Her sixth book of poetry, The Year of No Mistakes (Write Bloody Publishing), came out this year to rave reviews; and her second non-fiction book, Dr. Mutter’s Marvels: A True Tale of Intrigue and Innovation at the Dawn of Modern Medicine, will be released by Gotham Books (Penguin) in late 2014.

My View

In 1998, at the age of nineteen, Cristin co-founded the NYC-Urbana Poetry Slam, a weekly reading series dedicated to showcasing the most innovative voices in poetry. She was the youngest Slam Master ever. Some of the most famous (and most loved) poets in the U.S. have been on team NYC-Urbana, including Sarah Kay, Beau Sia and Taylor Mali; while some of the greatest poets ever have also graced the Urbana stage: Willie Perdomo, Billy Collins, Patricia Smith, Galway Kinnell, Sage Francis, Saul Williams, Rachel McKibbens and many more.

I was lucky enough to meet Cristin in 2003 when she came to Australia to perform at the Sydney Opera House and mentor a group of young Australian writers. She was barely older (and, I think, in some cases younger) than those she was mentoring.

Cristin is a creative, multi-talented universe with many tendrils cascading in all aspects of word art. She is a fierce supernova. She is a poet, non-fiction writer, curator, director, connector, teacher and friend. If she became a superhero I have no doubt her moniker would be The Manifester – she can make anything happen!

Her non-fiction book, Words In Your Face: A Guided Tour Through Twenty Years of the New York City Poetry Slam (Soft Skull Press, 2008),is essential reading to understand the tone and vibrancy of the wild, heady world of poetry slam in New York. It is impeccably researched, features so many ground-breaking writers and organisers, and is written with Cristin’s distinctive sharpness.

She is extraordinary onstage; she is extraordinary on the page. Her latest book, The Year of No Mistakes, is a lesson in how to craft a must-read poetry collection. It covers all the emotions you want in a book plus a few more you never knew you had. She is the key that will open your heart to poetry. Please read/watch/research her work.

Her View

I started falling in love with words…

When I was a kid. My mother was and is a voracious reader, and would read to us all the time… and not just children’s stories. She has read articles she found interesting in the newspaper, tasty passages from non-fiction books she was reading, opinion pieces in magazines that she thought made good points. I learned from an early age that I could very easily meet and learn about people, cultures, times and places beyond the limits of my working-class Philadelphia neighborhood by reading – and, as I grew older, I wanted to join that conversation with my own writing.

Poetry (or spoken word) means…

To me, poetry is a conversation that poets have with the world and with each other. Just like the conversations you have with friends, poetry can take all forms, all lengths, all styles, all tones – but they expose something of a truth about that person… and about yourself in how you receive them.

Other poets I adore are…

As many of my friends are poets, I have a very long list of poets who I adore!

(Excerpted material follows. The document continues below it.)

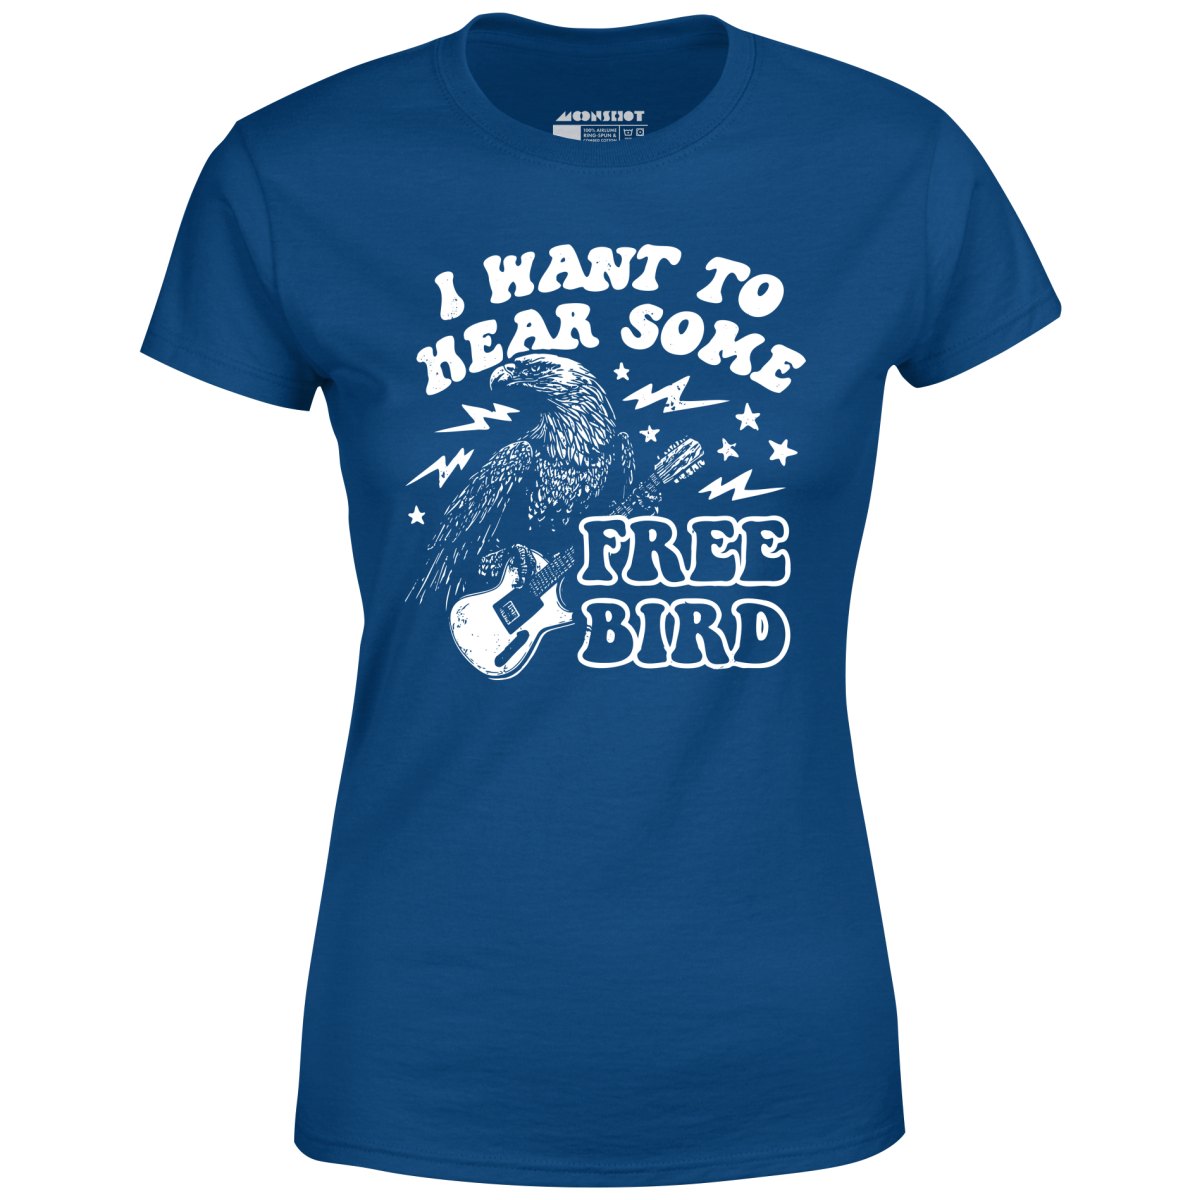 I Want to Hear Some Free Bird - Women's T-Shirt

But here is a short list of poets whose works have absolutely shaped me; whose home phone numbers I DON’T know (and links to poems I think represent them well):

Jim Daniels

Beth Ann Fennelly

Kevin Young

Bob Hicok

Denise Duhamel

Sharon Olds

I love the sounds of…

Accents. Living in New York City over a decade and a half has provided me with so many opportunities to hear how different and beautiful the English languages can sound depending on where you are from – and I’m not just speaking about foreign accents! Regional American accents are something I treasure too. I love how differently words sound – and how differently you as the listener will receive them – depending on the accent.

If I could tell you one thing…

What you can become is the miracle you were born to be through the work that you do.

— Kurt Vonnegut

I keep this quote pinned above my writing desk, and I find it comforting and guiding.


Alicia Sometimes is an Australian writer, poet, musician, co-host of 3RRR’s Aural Text and a past editor and long-standing contributor of Going Down Swinging (co-editing issues No. 18-No. 23 and contributing to issues No. 14-No. 17 and No. 25-No. 29).